Taliban Enforce Media Crackdown: Restrictions on Photos and Women Voices


Outskirts of Khost province. Photo captured by @AADIL for ADN

By Ilhamuddin Afghan

A recent order by Taliban leader Mullah Habatullah to ban TV interviews and images of the group’s officials in southern Afghanistan has sparked concerns among media organizations. 

Sources from Kandahar National Television have revealed a prohibition on capturing people’s images, with spokespersons avoiding screen appearances. Moreover, the Taliban-appointed governor of Kandahar has urged media channels to refrain from showcasing photos of living creatures. 

These actions follow prior restrictions imposed in Helmand province, where women’s voices were barred from media broadcasts. Additionally, the Department of Information and Culture in Southern Helmand Province has directed media platforms to cease broadcasting female voices in commercials or other programming.

In response to these restrictions, female journalists employed in the media have chosen not to speak publicly. The Afghan Journalists’ Center has strongly criticized these limitations, denouncing them as encroachments on women’s rights.

Nevertheless, questions remain regarding the Taliban’s broader objectives and the implications of their actions for Afghanistan’s future. Expressing concern over the ramifications of such sanctions, a former professor from Kabul University, now unemployed, warns of the potential isolation of Afghanistan from the global community.

“It’s shameful that we’re still stuck in medieval ignorance in the twenty-first century. The Taliban’s interpretation of the Qur’an and the Prophet’s Sunnah is deeply flawed and contrary to the principles of Islam. Their actions promote ignorance and are based on false traditions, which is unacceptable,” he said.

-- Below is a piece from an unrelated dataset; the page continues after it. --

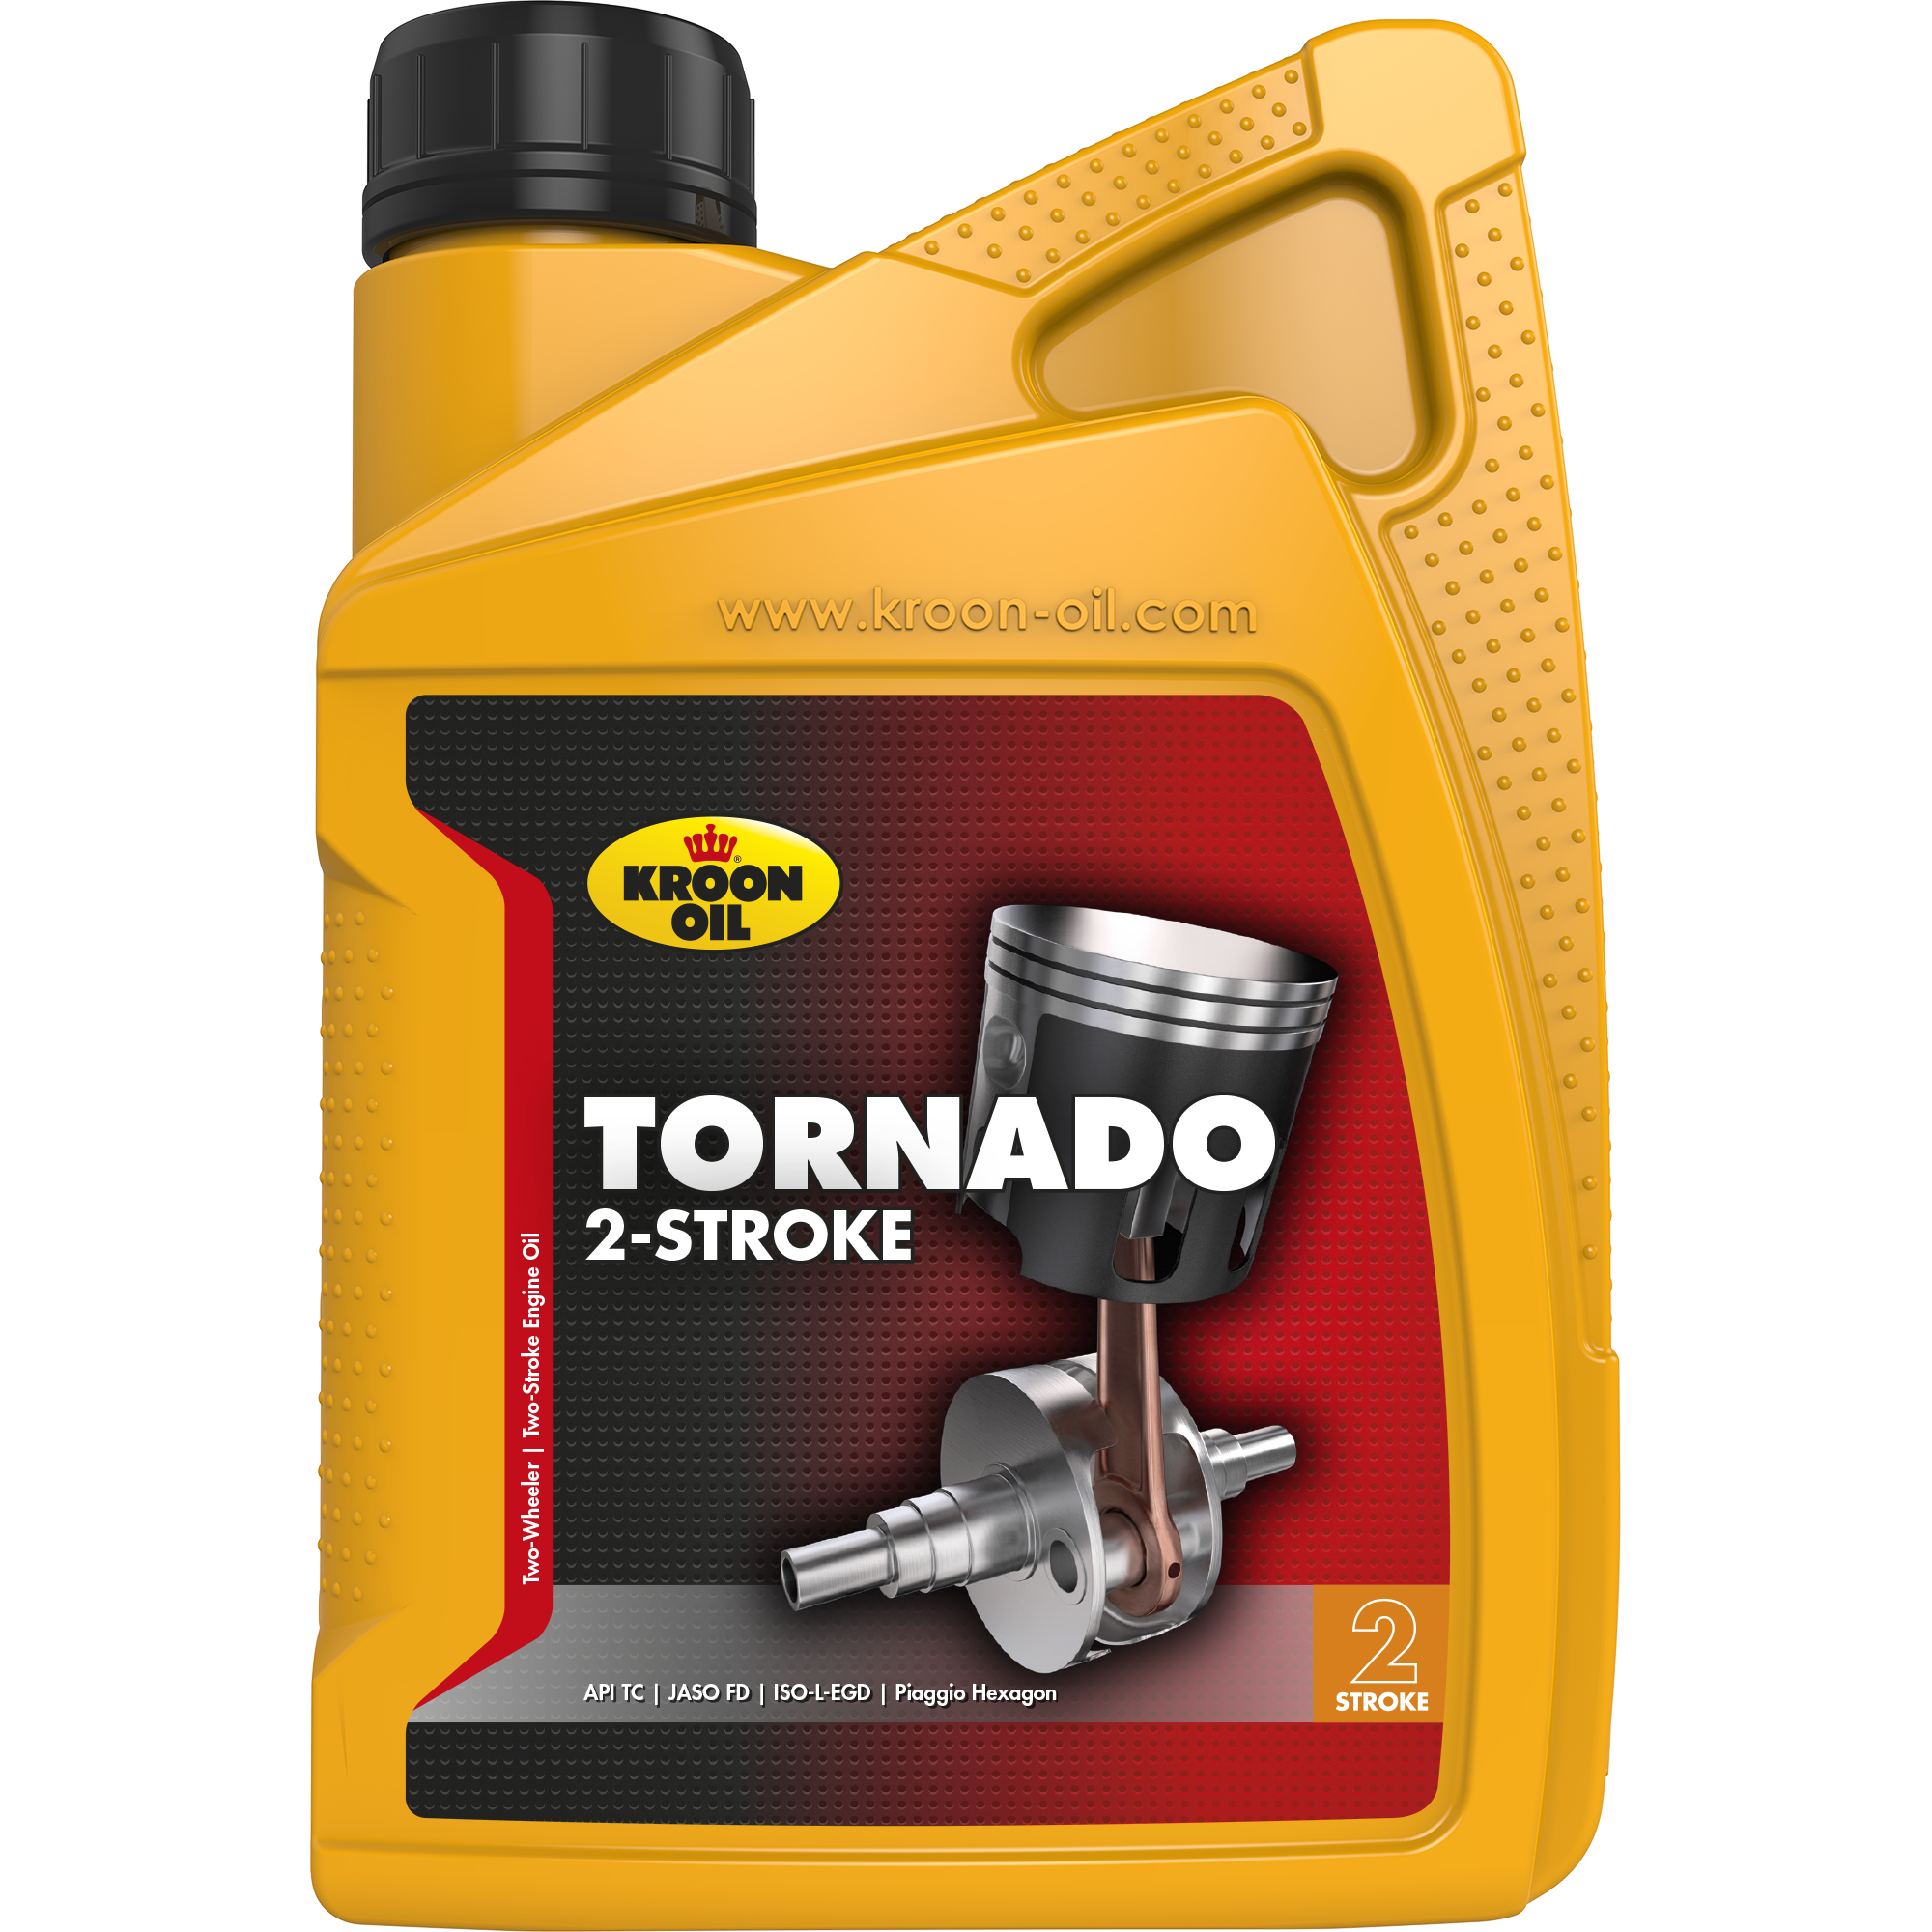 02225-1 Tornado is een 2-takt (benzine) motorolie op 100% synthetische basis.
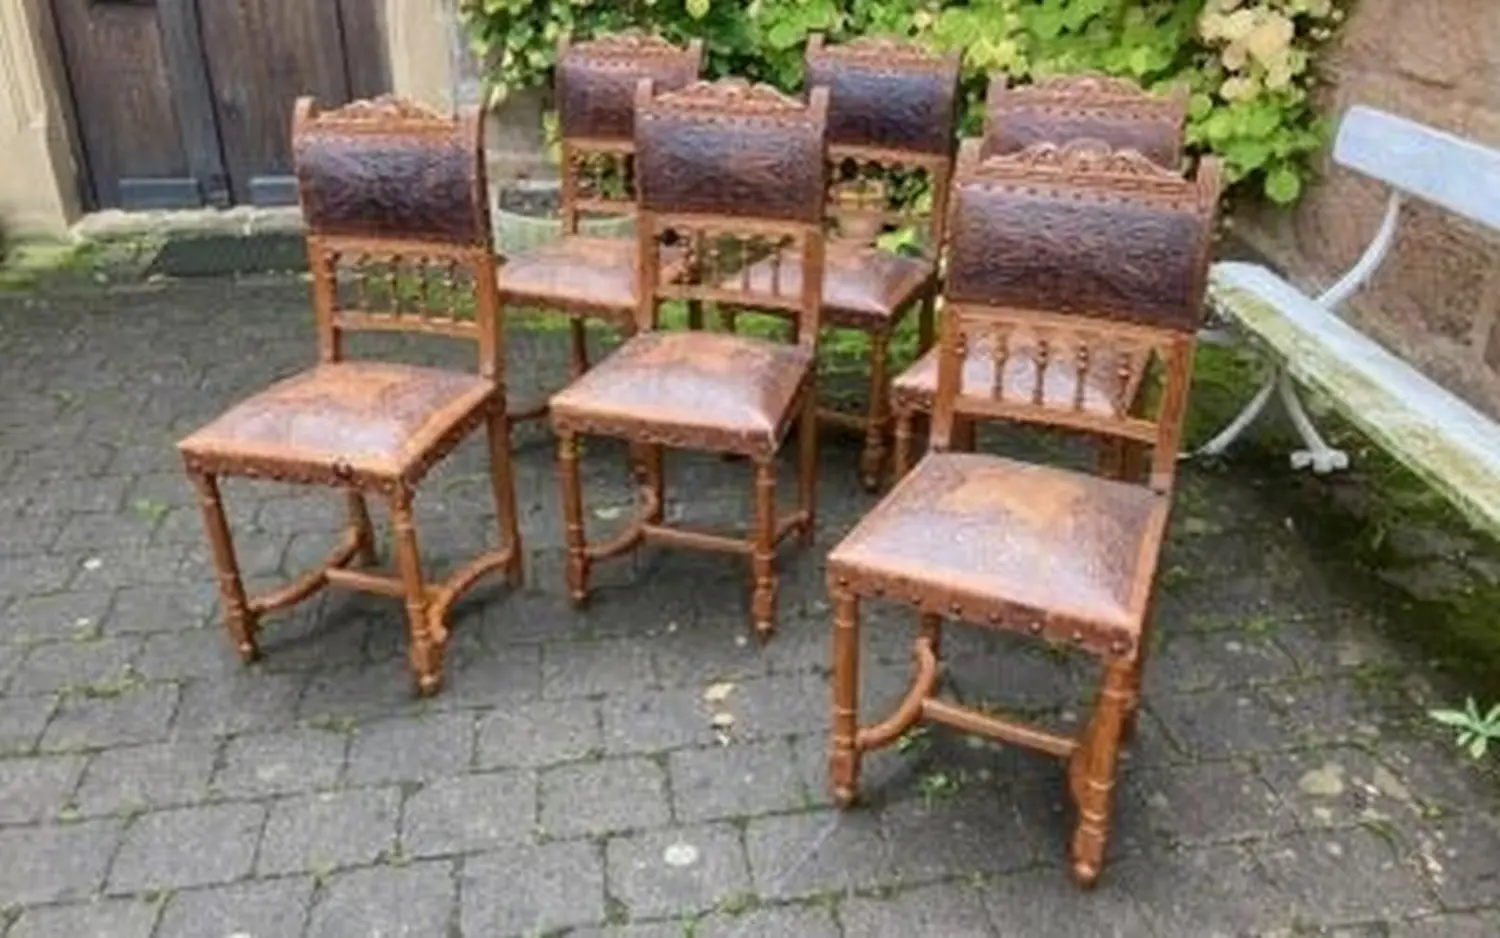 6 Stühle Frankreich um 1880 von Antik Cleversulzbach

Critics argue that the Taliban’s focus on repressive measures has hindered meaningful societal advancement, perpetuating dependency and stifling dissent. Widespread poverty persists, and many Afghans have been stripped of their right to work, as institutional appointments are based on Taliban preferences rather than merit.

Recently, a former Jihadi leader, Muhammad Zaman Muzamal, expressed in a televised discussion: “Over the past three years, we’ve only resolved thirty percent of the issues, yet the people feel trapped in a political quagmire.” His message implies that instead of addressing people’s concerns, the Taliban are exacerbating their problems, leading to widespread discontent among the populace.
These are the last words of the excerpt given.